Свет невозможных звезд

22
18
20
22
24
26
28
30

Часть третья

Угрозы и выходы

Огромные тени улыбаются в воздухе и небесах,

По далеким волнам идут бесчисленные корабли,

И гимны новых языков поют обо мне[6].

Уолт Уитмен. Молитва Колумба

34

Мишель Па

На вершине башни открылась большая круглая комната. Спиной чувствуя дыхание погони, я огляделся в поисках укрытия. Все здесь было из голого вещества тарелки, кроме только окруженной низкой приступкой центральной колонны из гладкого, похожего на мрамор камня.

Шумно дыша, я отступал вдоль стены, пока колонна не заслонила верхних ступеней лестницы. Больше здесь не было ни входов, ни выходов – лишь высокие незастекленные окна нарушали однообразие стен.

Я стукнул себя кулаками по вискам. Променял один глухой тупик на другой!

Медленно, прижимаясь спиной к стене, я опустился на корточки и закрыл глаза. Воздух был сух, будто из него высосали и влагу, и жизнь.

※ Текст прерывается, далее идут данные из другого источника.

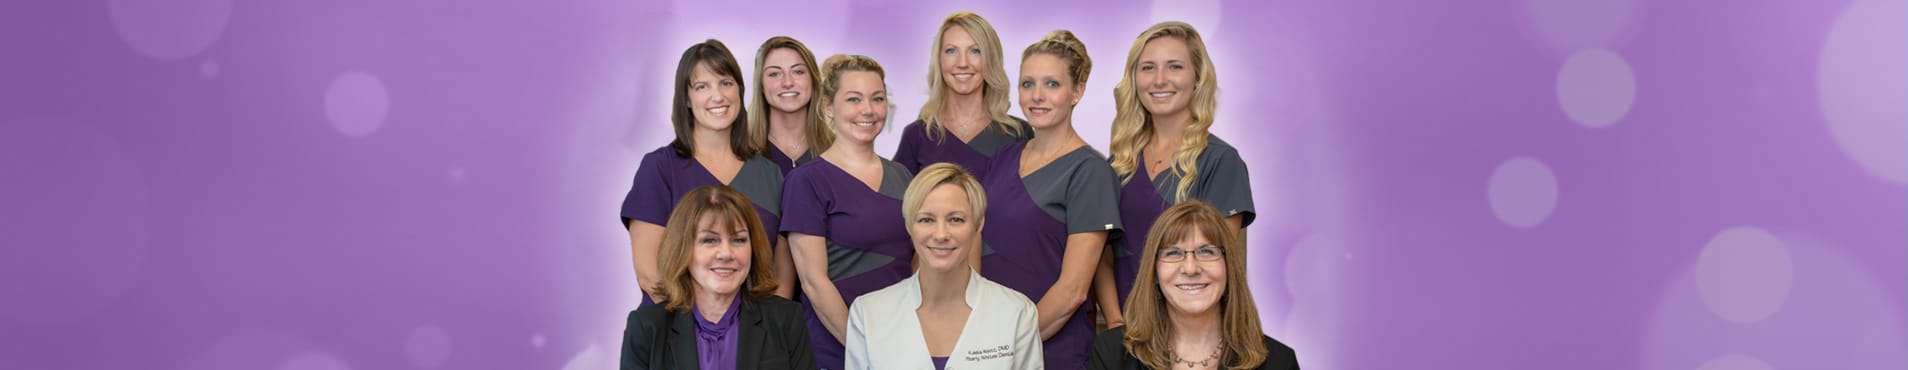 Dental Crowns Dentist Serving Langhorne

Вспомнив Корделию, я задумался, где она теперь и что делает. Радуется жизни среди звезд? Верно ли я решил тогда, покидая ее? Пожалуй, никогда не узнаю. И наверняка больше ее не увижу. Через несколько минут меня поймают и убьют, а тело на десятилетие останется сохнуть в этой жуткой комнате, пока его не найдет новая экспедиция старьевщиков, пробирающихся сквозь джунгли металла и карабкающихся по винтовым лестницам.

Жил я старьевщиком – как старьевщик, похоже, и умру.

Что-то коснулось моей щеки.

Я распахнул глаза. К лицу тянулись лозы. Они корнями вырастали из колонны и ощупью отыскивали меня, тычась в воздухе наподобие слепых змей. Одна уже заползла в нос, еще две ползли к глазам.

Завопив, я хотел отбросить их, но прилип к стене. Скреб подошвами по полу, но шевельнуться не мог. Даже затылок что-то держало, так что я не в силах был отвернуть лицо от новых и новых чутких нитей, подбирающихся к губам и ушам. Я бы снова закричал, ощутив, как та, что в носу, проникла в лобные пазухи, но, открыв рот, впустил в него еще полдюжины, которые броском кобры ворвались в глотку и стали меня душить.

35

Корделия Па

Двигатели «Тети Жиголо» прорвали кожицу мыльного пузыря вселенной, и старушка кубарем ввалилась внутрь. В темной пустоте ее термощиты, раскаленные трением о мембраны измерений, засветились белым светом. Они остывали: покраснели, потом стали желтоватыми и, наконец, вернулись к дымно-серому оттенку потухших углей.

Я, сидя в рубке, жмурилась от нахлынувшего восторга. Тарелки пели мне, все двадцать враз. Их причудливая нечеловеческая гармония отзывалась у меня в груди и животе. Я не понимала дословно, о чем говорят их песни, но вызываемые ими чувства были глубоки и ясны, и я смеялась и плакала, воображая протянутые ко мне руки покойной матери. Тарелки радовались моему возвращению домой, принимали меня под свою опеку и благодарили за ключ, висевший у меня на шее. Они пели мою песню – песню Корделии Па. Качаясь на волнах рефрена, я проводила между ними «Тетю Жиголо» и не слушала возмущенных криков диспетчеров с Альфа-тарелки.